In the previous example, the set `[10,20,30]` is in ascending order. If the set were in descending order as `[30,20,10]`, the `40th` percentile would correspond to:

`result = (CRN - RN) * (EXP_FRN) + (RN - FRN) * EXP_CRN = (2 - 1.8) * 30 + (1.8 - 1) * 20 = 22`.

## Syntax

```sql theme={"theme":{"light":"css-variables","dark":"css-variables"}}
PERCENTILE_CONT(<percentile>) [FILTER ([WHERE] <condition>)] WITHIN GROUP (ORDER BY <expression> [{ASC | DESC}])
```

## Parameters

| Parameter             | Description                                                                                                             | Supported input types                                  |
| :-------------------- | :---------------------------------------------------------------------------------------------------------------------- | :----------------------------------------------------- |
| `<percentile>`        | The desired percentile position within the ordered dataset.                                                             | `DOUBLE PRECISION`, `REAL` literal between 0.0 and 1.0 |
| `<sorted_expression>` | The expression used to calculate the percentile, which is sorted in ascending or descending order prior to calculation. | `DOUBLE PRECISION`, `REAL`, `BIGINT`, `INT`            |
| `<condition>`         | An optional boolean expression to filter rows used in aggregation                                                       | `BOOL`                                                 |

## Return Types

`PERCENTILE_CONT` returns a value of type `DOUBLE PRECISION`.

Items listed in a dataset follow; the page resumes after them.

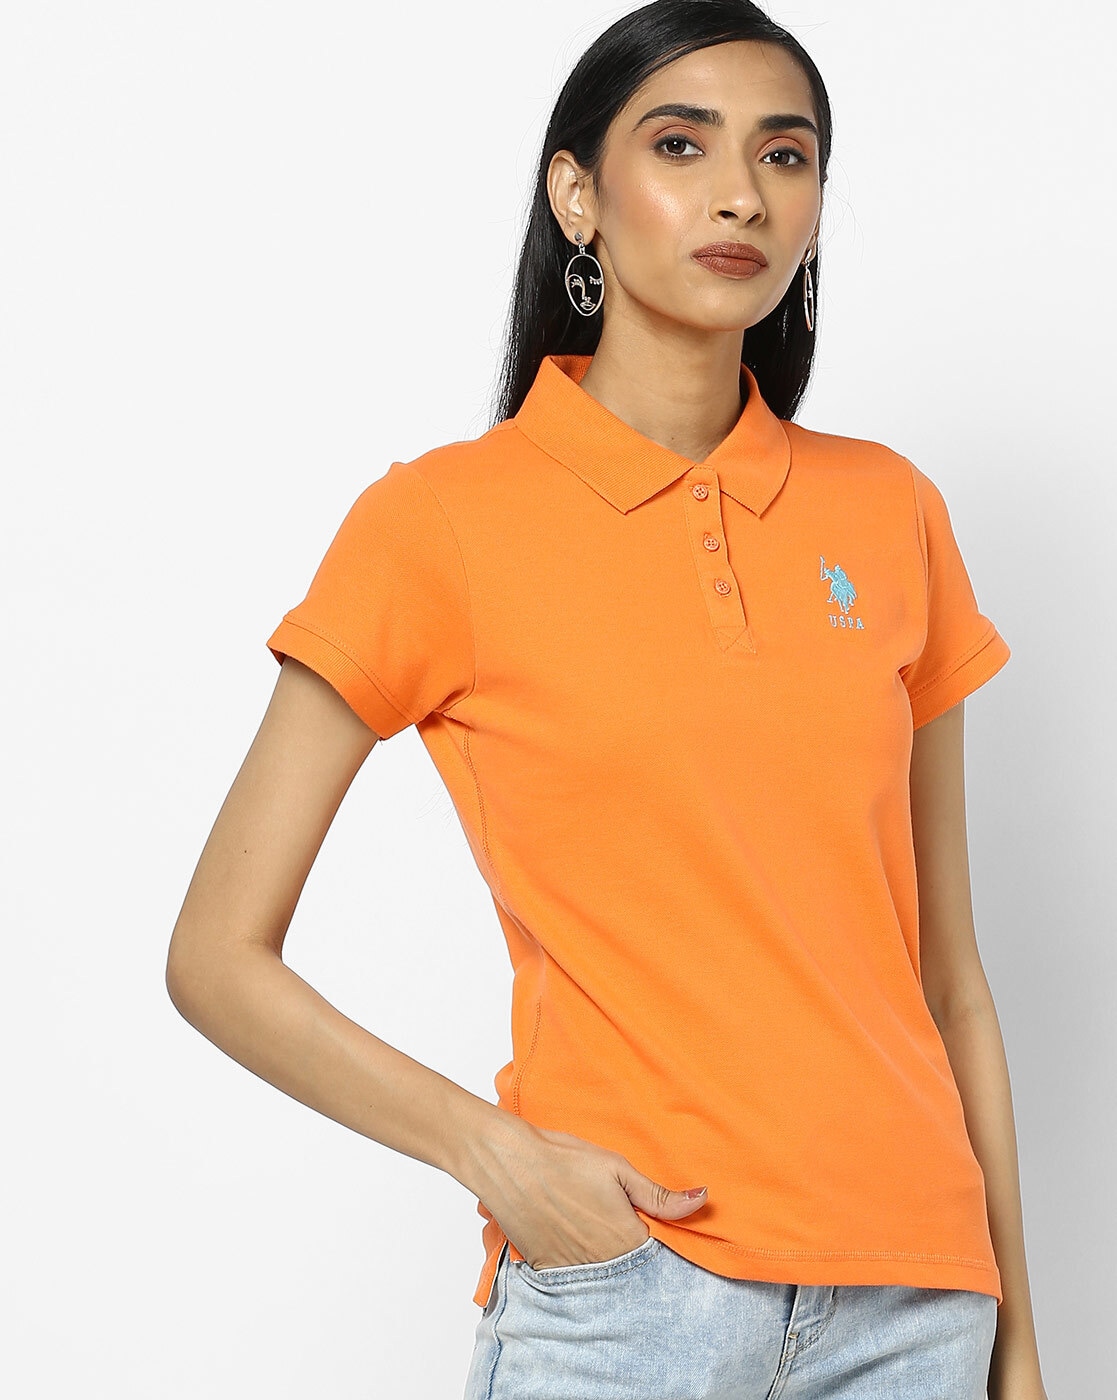 Buy Orange Tshirts for Women by U.S 
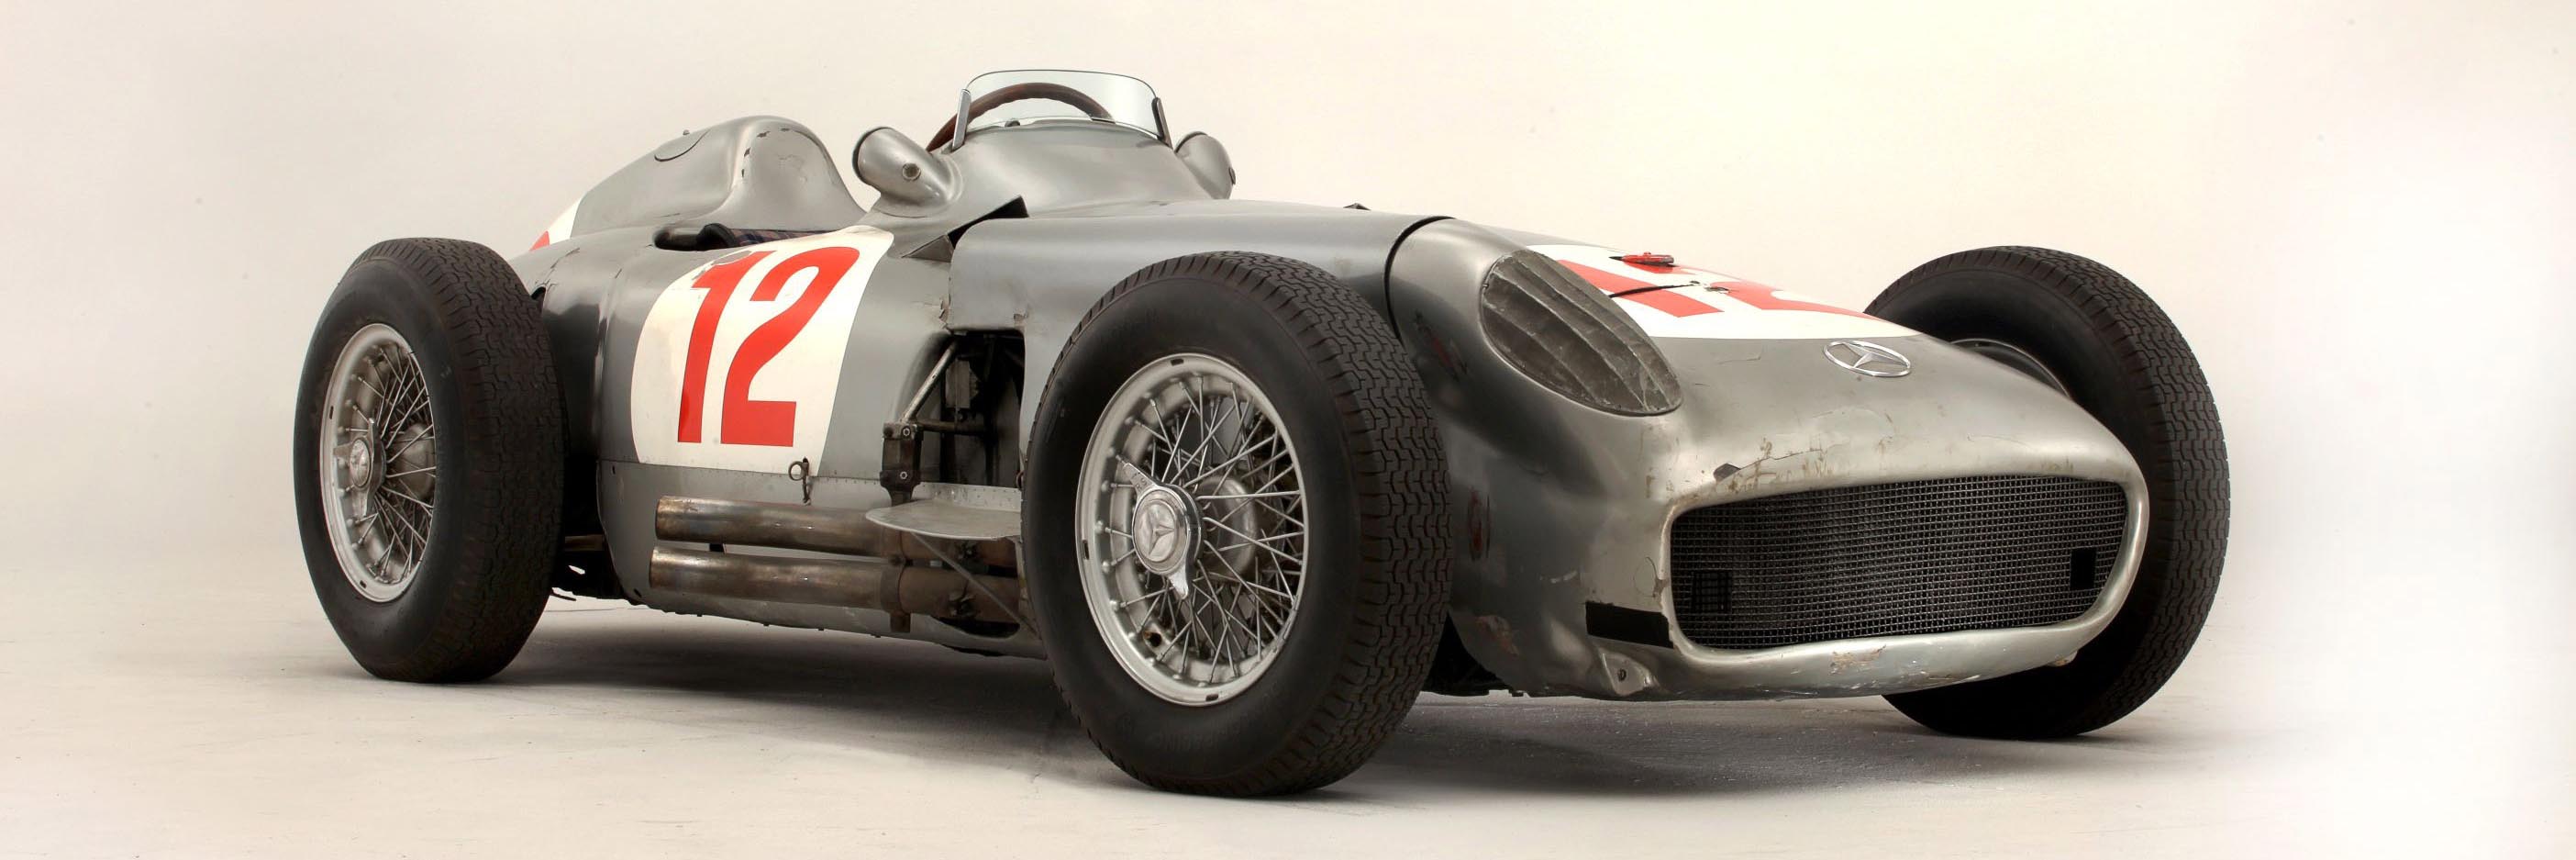 Juan Manuel Fangio's Mercedes F1 auction record-holding W196
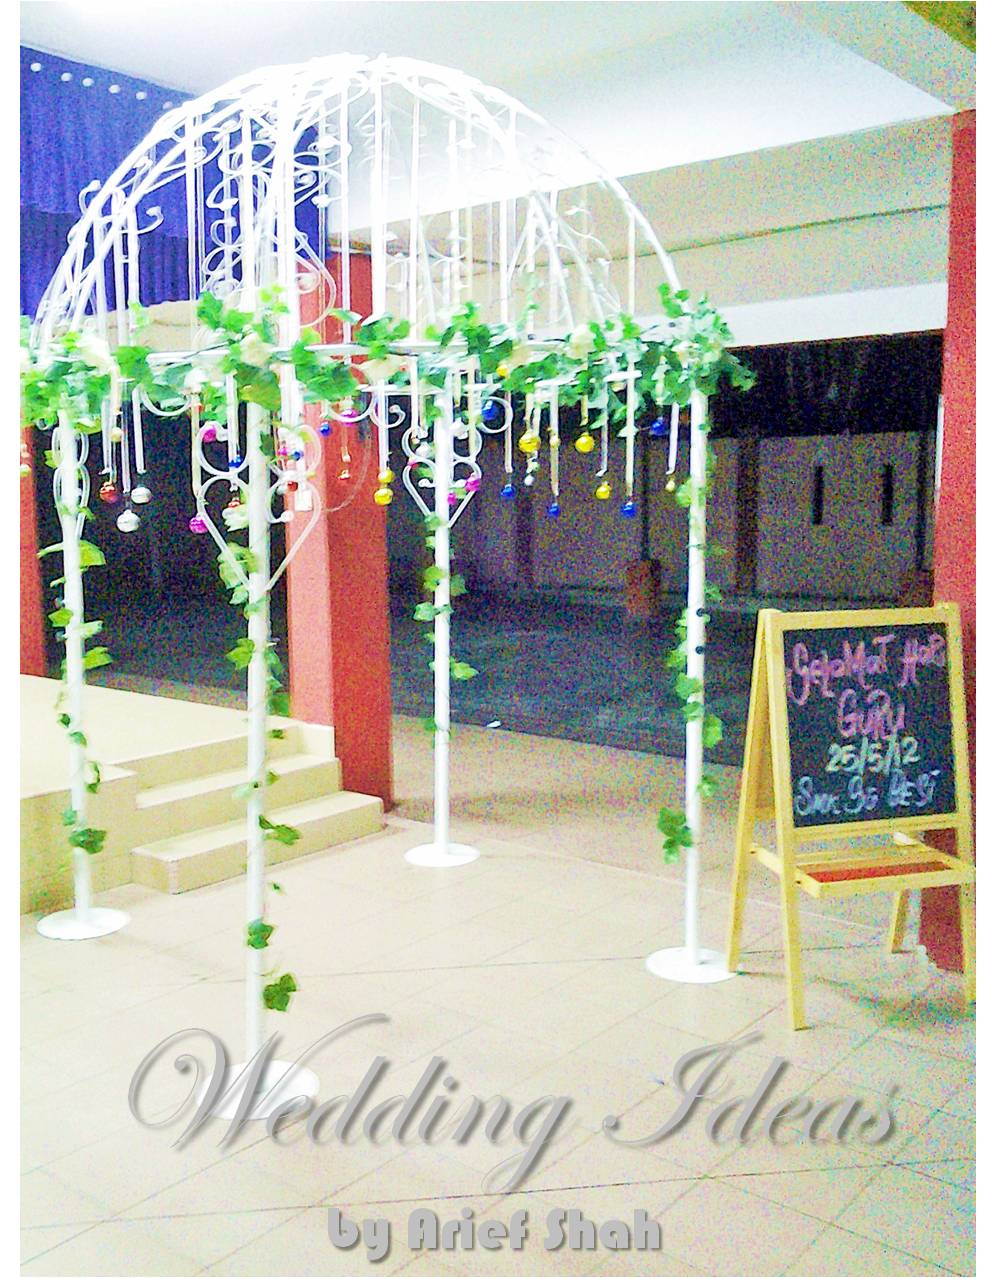 Wedding Ideas Teacher s  Day  Decoration  by Wedding Ideas

* This function ignores `NULL` values.
* This function returns `NULL` if the input is either empty or contains only `NULL` values.

## Examples

These calculations use 1-based indexing, where the first element is at position `1`.

The following example calculates the 20th percentile of values from a generated series ranging from `0` to `5`. The position `RN = 1 + 0.2 × (6 − 1) = 2` is a whole number, so the value at position `2` is returned directly:

<div className="query-window">
  ```
  SELECT PERCENTILE_CONT(0.2) WITHIN GROUP (ORDER BY x) AS result FROM GENERATE_SERIES(0, 5) AS x;
  ```

  | result <span>double null</span> |
  | :------------------------------ |
  | 1                               |

  <p><span>Rows: 1</span><span>Execution time: 7.12ms</span></p>
</div>

The following example extends the series to `0`–`6`. The series contains the seven values: `0`, `1`, `2`, `3`, `4`, `5`, and `6`. The position for the 20th percentile is calculated as: `RN = 1 + 0.2 × (7 − 1) = 2.2`. Since `2.2` is not a whole number, `PERCENTILE_CONT` interpolates between the two closest values:

<div className="query-window">
  ```
  SELECT PERCENTILE_CONT(0.2) WITHIN GROUP (ORDER BY x) AS result FROM GENERATE_SERIES(0, 6) AS x;
  ```

  | result <span>double null</span> |
  | :------------------------------ |
  | 1.2000000000000002              |

  <p><span>Rows: 1</span><span>Execution time: 6.03ms</span></p>
</div>

The interpolation uses the following steps:

* `CRN` is `CEILING(2.2) = 3`.
* `FRN` is `FLOOR(2.2) = 2`.
* `EXP_CRN` is the value at position `3` of the ordered set, which is `2` (using 1-based indexing).
* `EXP_FRN` is the value at position `2` of the ordered set, which is `1` (using 1-based indexing).
* The result is `(CRN − RN) × EXP_FRN + (RN − FRN) × EXP_CRN = (3 − 2.2) × 1 + (2.2 − 2) × 2 = 0.8 + 0.4 = 1.2`.